Superstorm Semantics Are Superbad

'Bad News' Brown
 ~ What media maven came up with the hyperventilating term "Superstorm" Sandy? Despite its destructive power, media types remain seemingly disappointed that they can't technically call Sandy a hurricane. So to heighten the seriousness of the story and of themselves, they award the generic and over-used prefix "super" to the storm.

This makes storms like Sandy seem dangerously larger in importance, and in potency, perhaps not a bad thing. But the cartoonish connotation of super as overwhelming implies these storms as a force beyond our control. We cower in helplessness upon the Supervillain's wanton destruction of the fair metropolis; should we bow down to the Superstorm? No, Superman will save us! No need for us to do anything!

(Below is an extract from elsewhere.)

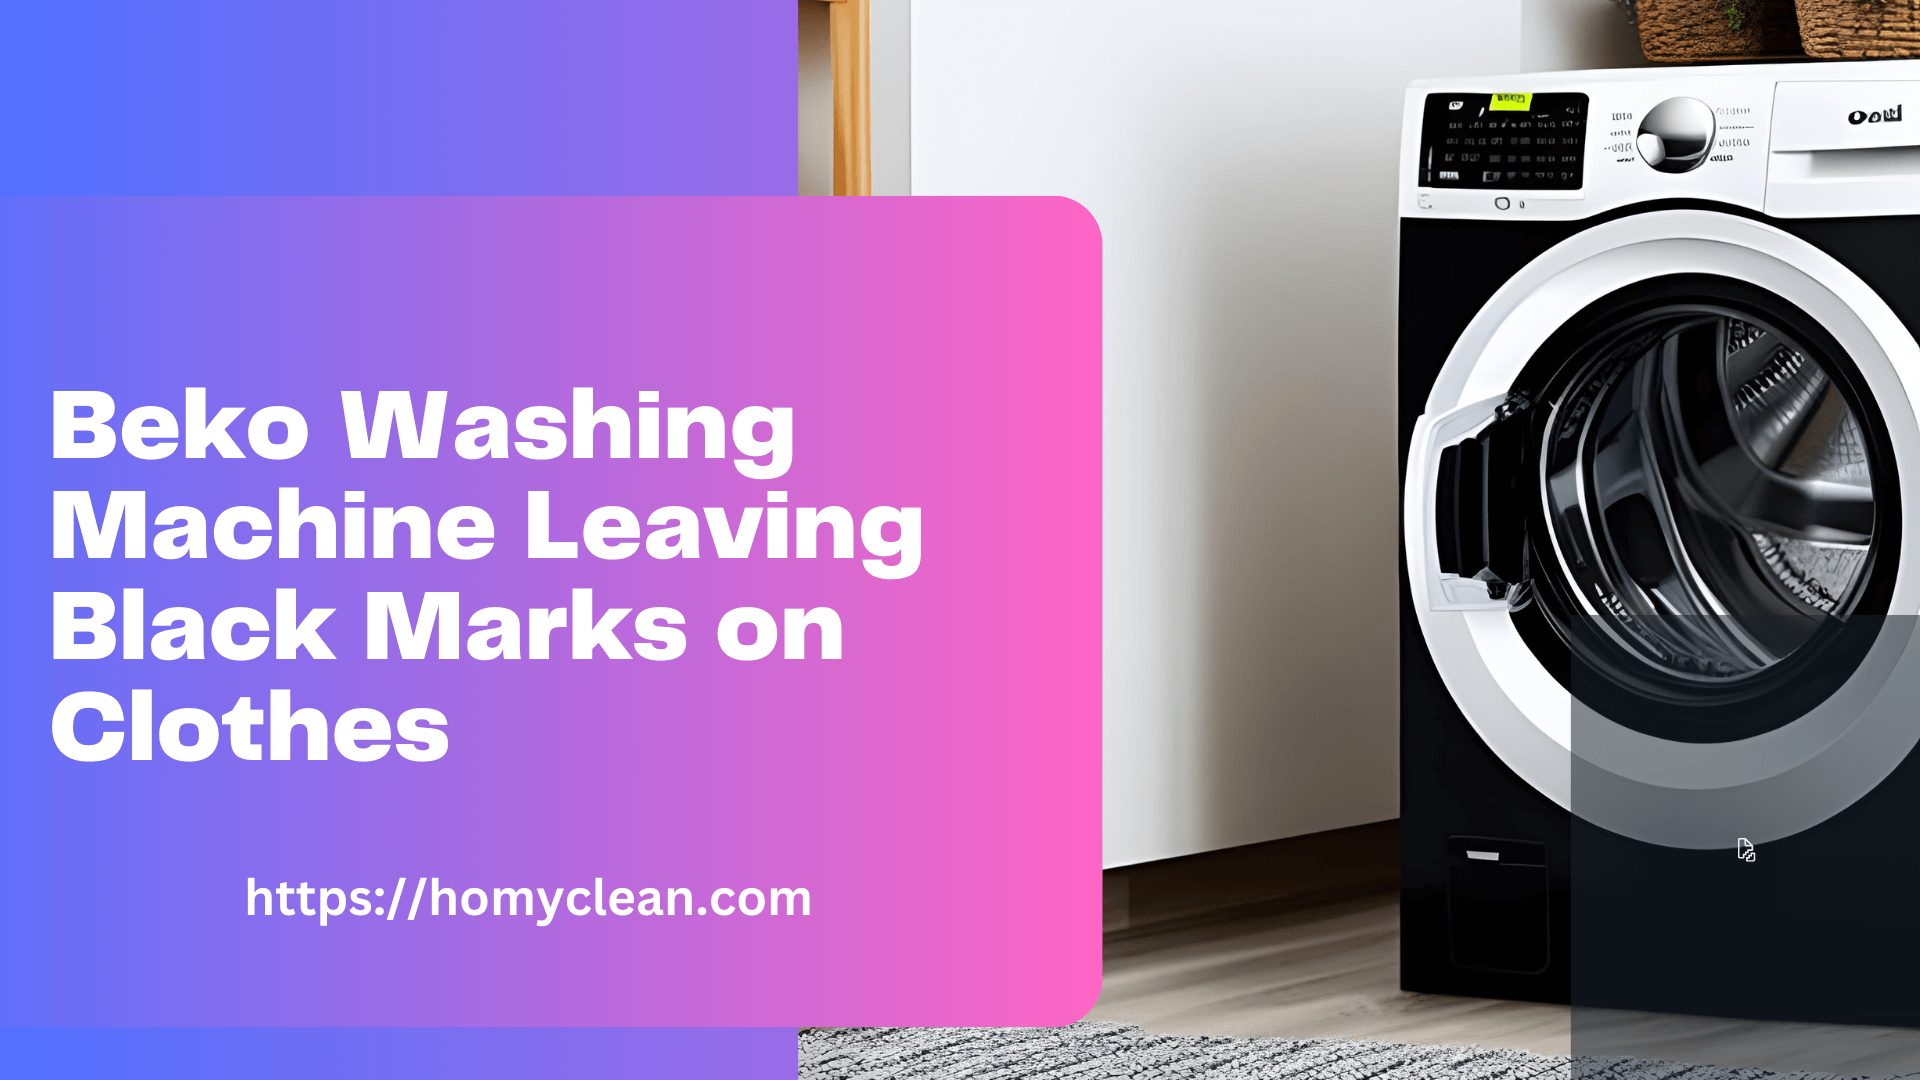 Why Beko Washing Machine Leaving Black Marks on Clothes – Ultimate Guide?

Northeast political leaders such as Mayor Bloomberg and Governor Cuomo have noted, however, that the storm is one of many more such to come, a consequence of the changes humankind has wreaked on the climate. This is not Super; we could actually do something, however tardily, to fight back.

Regardless of whether we fight (yes!) or surrender (boo!) we should thus call Sandy and its ilk appropriately. Let us call them for what they are: "climatestorms". They presage and evince what our cavalier attitude brings us in a changed relationship to the planet on which we all live.

I'd like to see an annual alphabetic naming of climatestorms in much the same way as we do for hurricanes and typhoons. It would do a lot to raise the visibility and relevance of climate change in the broader (and more super) media.